1975Ford is giving you some good diagnostic tips. An internal combustion engine needs 5 things to run properly; Fuel, Air, Spark, Compression, and Timing. As problems with Air, Compression, and Timing don't tend to self correct, the most likely candidate for intermittent problems are Fuel and Spark. One possible intermittent air problem could be the IAC, but if that is the issue the engine should start if you depress the gas pedal slightly. If you check for spark and have spark, it's probably fuel. Be careful when checking spark, the zap hurts like the devil. Another thing you should do when it is not able to run is to pull Key On Engine Off codes. You may find an idication of the problem from the codes. I'm suprised no one said anything regarding and ignition module. On my '92 I had an intermittent no start problem that took over 6 months to find. It turned out being a problem wire inside the connector to the ignition module. I could wiggle the wire and it would run. Which brings me to the wiggle test. After checking for Spark, Fuel, and Codes, try wiggling wires one at a time and see if that changes anything. If wiggling a wire seems to fix it, you may want to wait till next time and try the same wire. Often you'll move things you don't realize and one of the inadvertantly moved connections will be the problem one.
Well, so far so good. I crawled around and disconnected all the plugs and wires I could get to (one at a time). Cleaned the ones with corrosion on them, then I cleaned the ones that were clean. And now I'll wait some more and see if the problem comes back so I can try something else. Thanks for the help, I'll let you know what I find.

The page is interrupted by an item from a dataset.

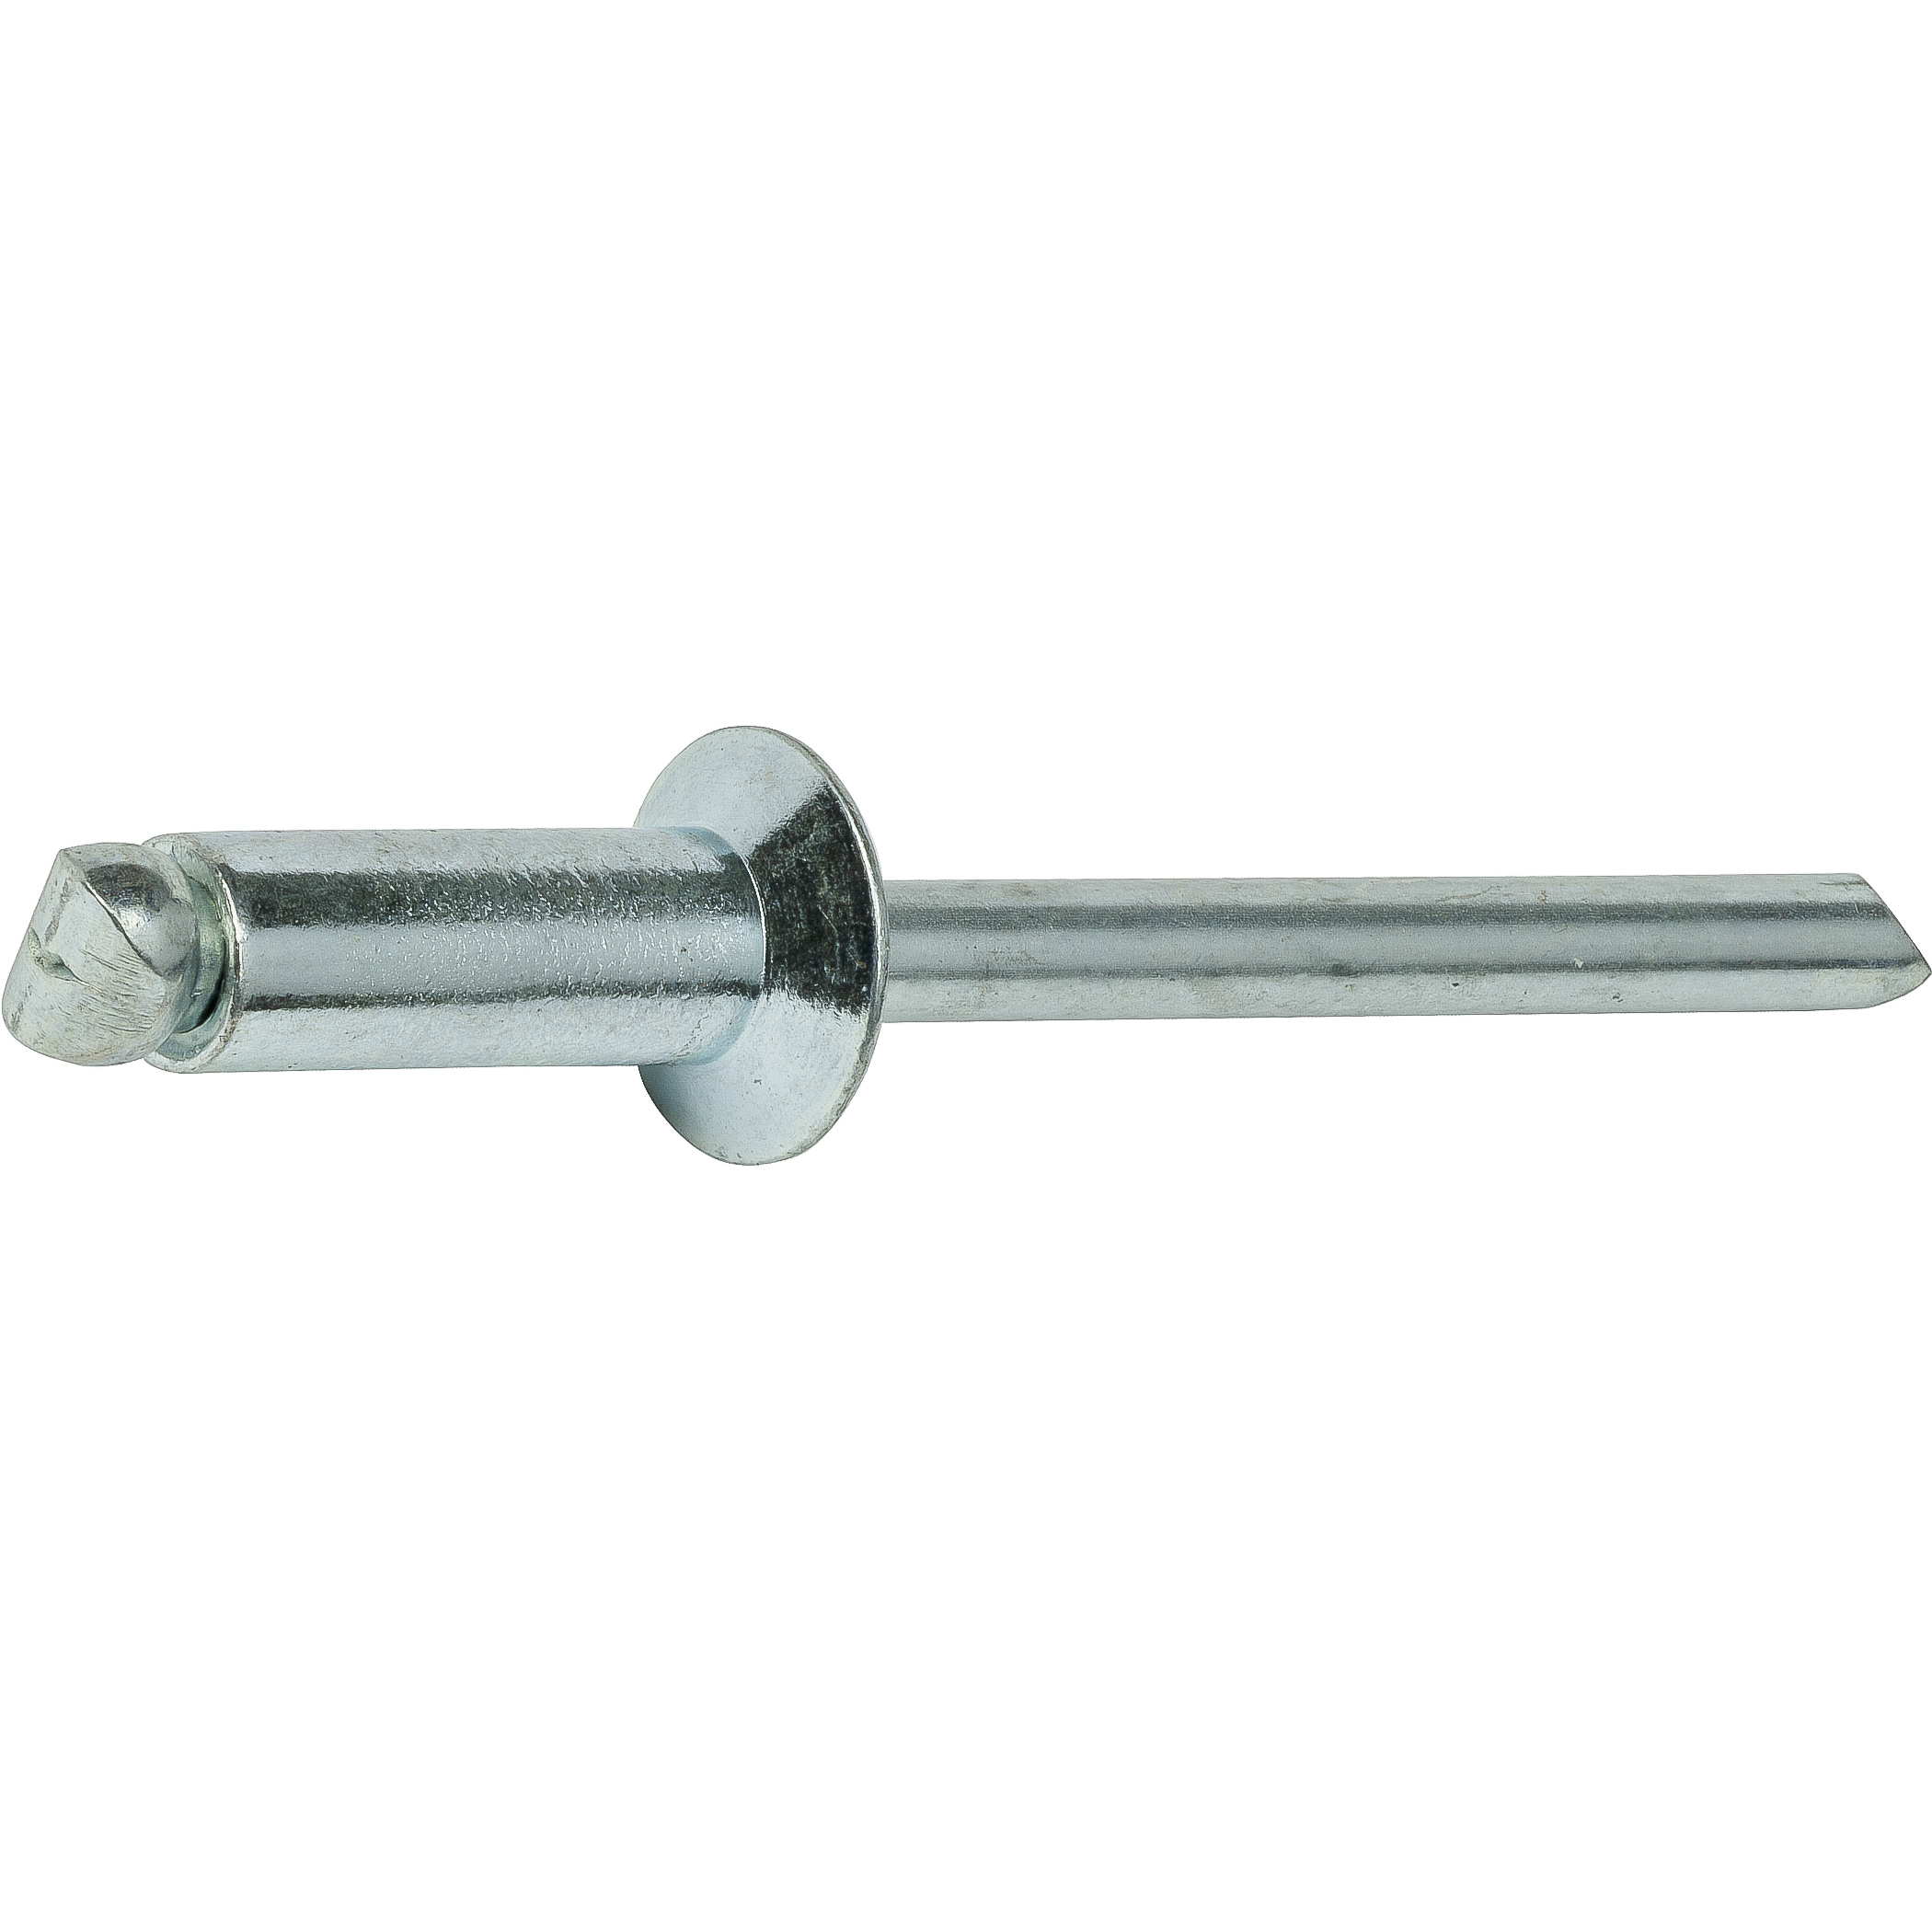 Aluminum Pop Rivets 3/16" x 1/4" Steel Mandrel Flat Countersunk Head Qty 100

No need to get a fuel pressure tester, it was already done for you. Go back to your first post, how do you think the tech at the dealership diagnosed a bad fuel pump-he must of pressure tested it-only way i can think of to diagnose a fuel pump problem if the pump is getting 12 volts. It seems to be voltage related, because you said it started fine when jumped-it was getting 14 volts from running vehicle, and it started fine with your new/fresh battery. Check fuel pump relay and fuel pump wiring really good. Good luck!
I know this post is kind of cold already, but I like to follow up. FINALLY the old girl wouldn't start when I had somebody else handy. I pulled off a plug wire to check for spark and nothing. Ahah! Again.
I reached around behind the coil pack and wiggled the plug to the computer, and she fired right up. I had already inspected this plug when I changed out the coil pack before, but I failed to notice the retaining clip was missing until I looked for a picture of it in the repair manual. It didn't seem that loose, but I guess it wouldn't take much to ruin the connection.
I did the best I could to secure the plug and the problem was fine for a couple of days, then it took a couple of tries to get it started one day, but nothing as bad as it was before. I hope this will be the end of it, and thanks for all the help.
Well, the I definately secured the coil pack plug with some "sensor safe" superglue and eventaully the problem got worse again. I did have help a few more times, and everytime it was a spark problem. I studied on the wiring diagrams for a couple of weeks and I don't remember how but I narrowed it down to the engine computer tells the coil to fire and the crank position sensor tells it when to fire.
AHAH
I took a gamble and replaced the CPS (it was the cheaper of the two) just before Christmas last year, and run like a champ ever since.